* [Records for processing]
Content starts
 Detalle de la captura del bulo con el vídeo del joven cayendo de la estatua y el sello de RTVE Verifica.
Content ends
Content starts
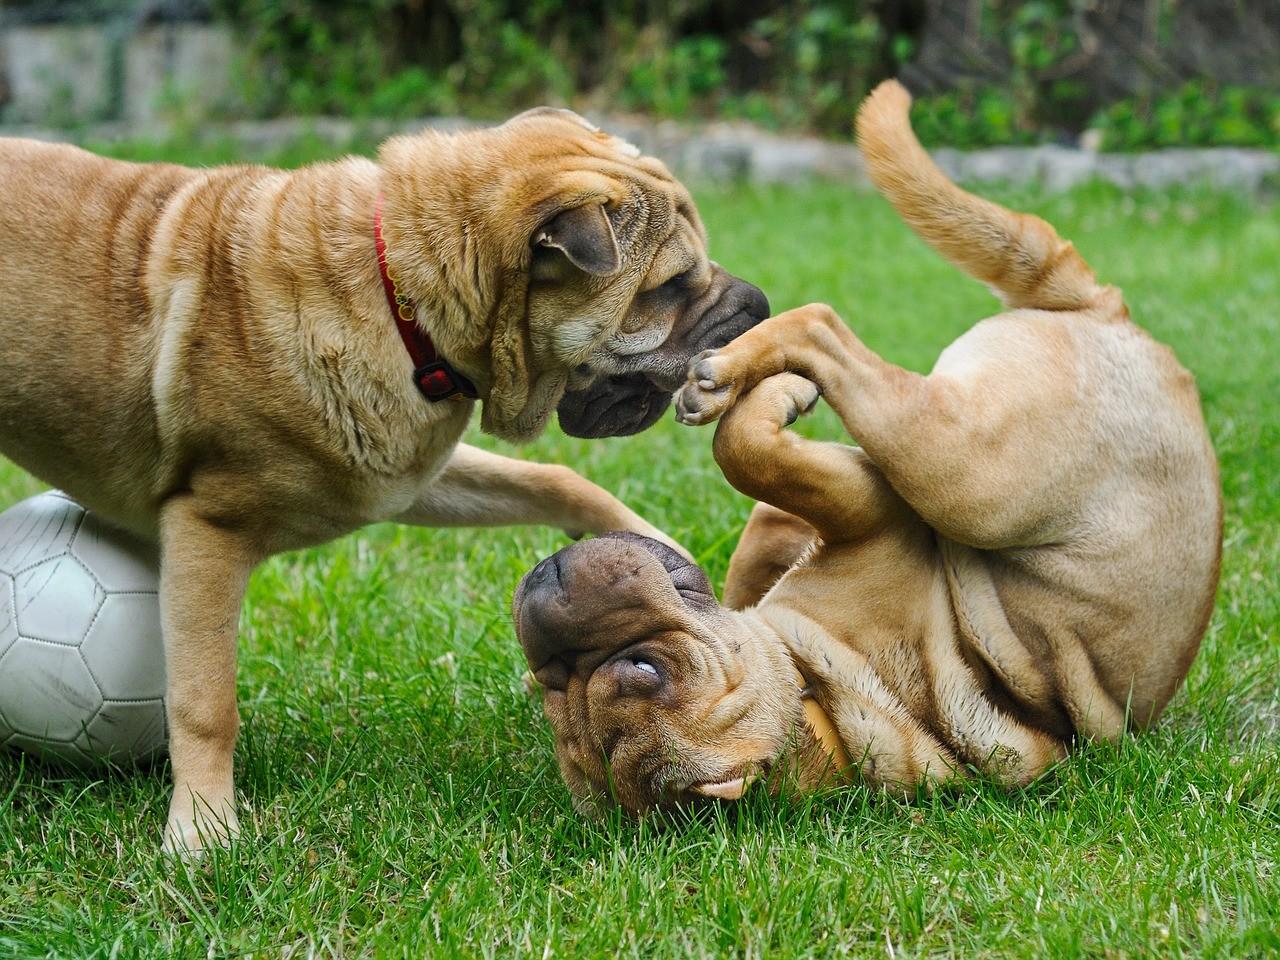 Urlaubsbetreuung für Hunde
Content ends
Content starts
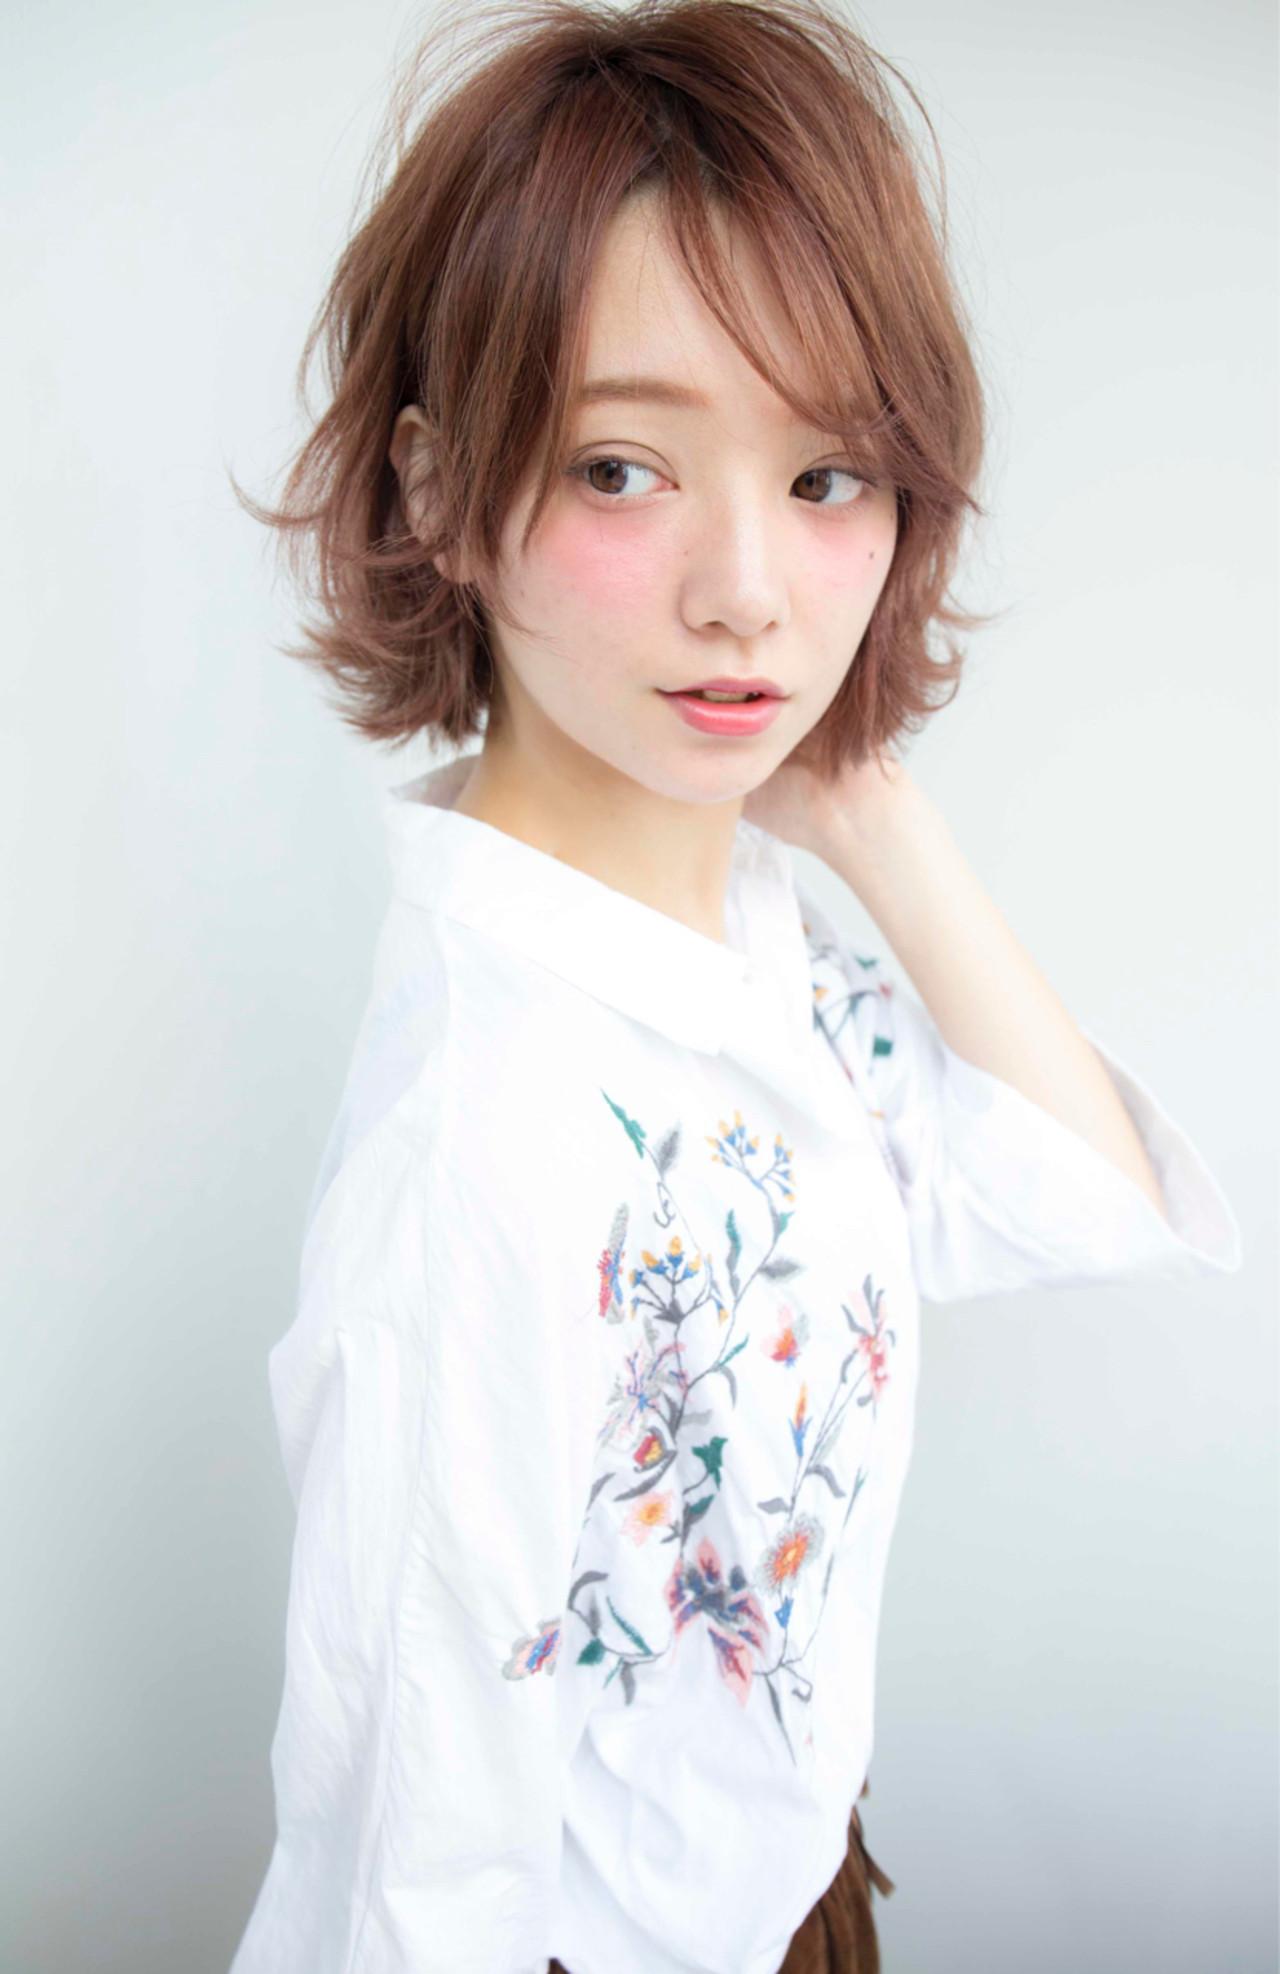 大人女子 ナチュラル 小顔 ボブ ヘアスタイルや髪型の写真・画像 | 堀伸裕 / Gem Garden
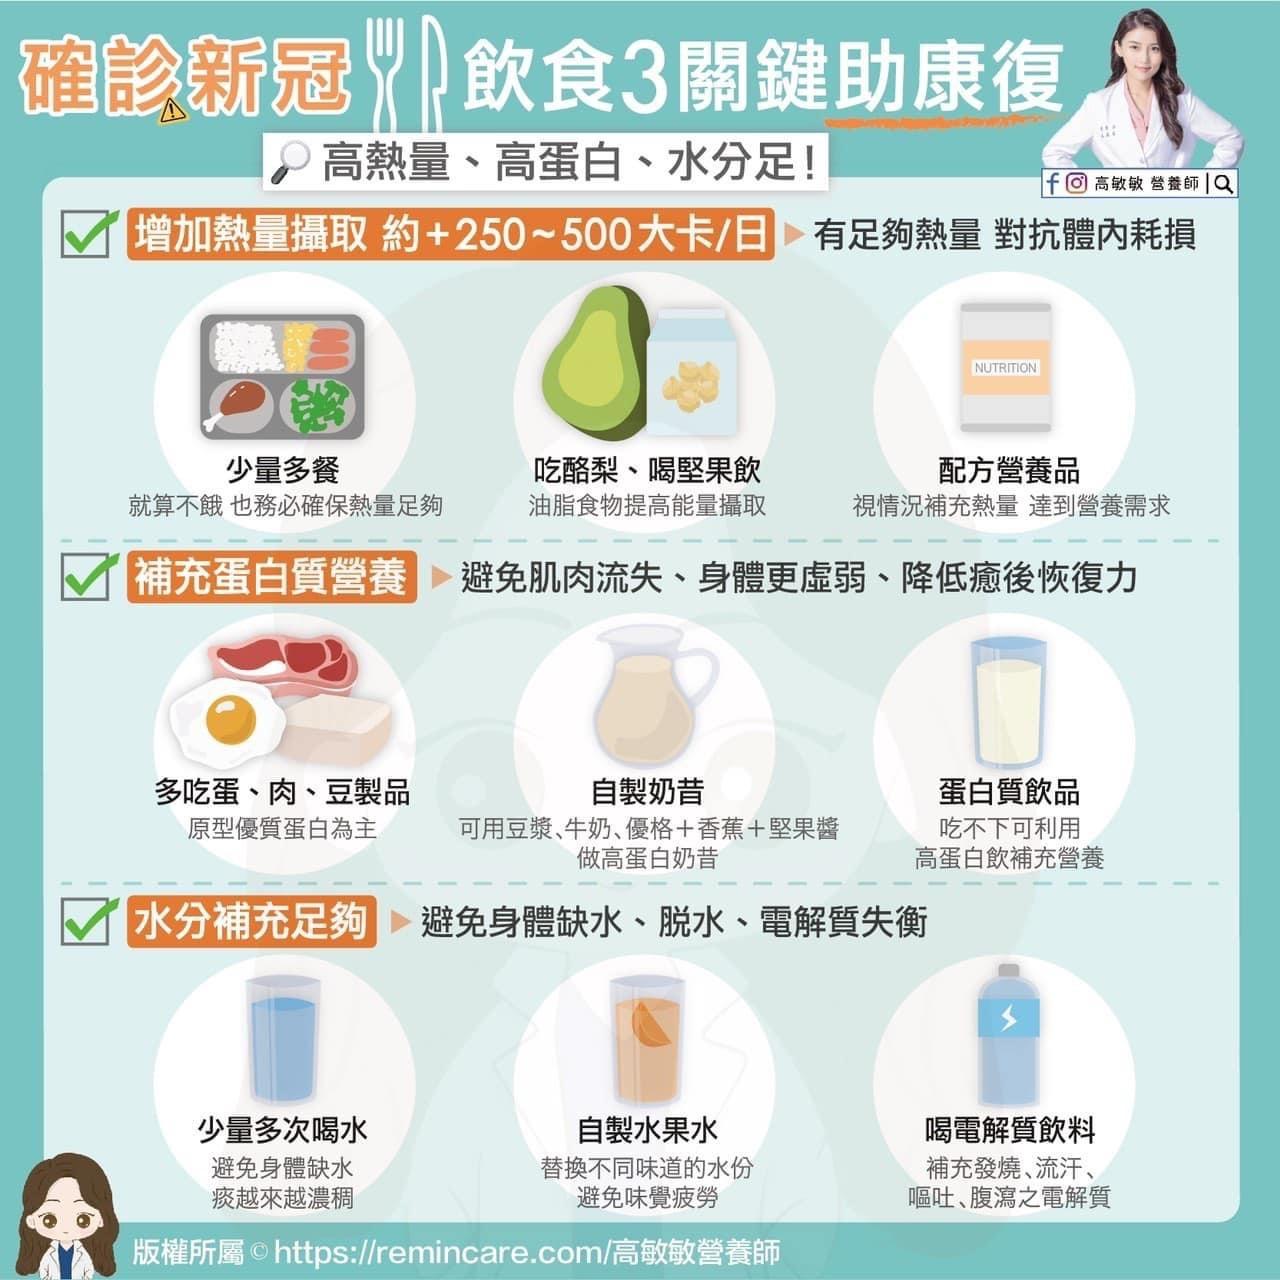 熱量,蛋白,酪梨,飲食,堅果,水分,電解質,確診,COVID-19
Content ends
* [The problem] When copying from the data above, print only the lines from the line containing "大人女子 ナチュラル 小顔" to the line containing "熱量,蛋白,酪梨,飲食,堅果,水分,電解質,確診,COVID-19", exactly, and leave the pictures out.

* [Solution to this exercise]
 大人女子 ナチュラル 小顔 ボブ ヘアスタイルや髪型の写真・画像 | 堀伸裕 / Gem Garden
 熱量,蛋白,酪梨,飲食,堅果,水分,電解質,確診,COVID-19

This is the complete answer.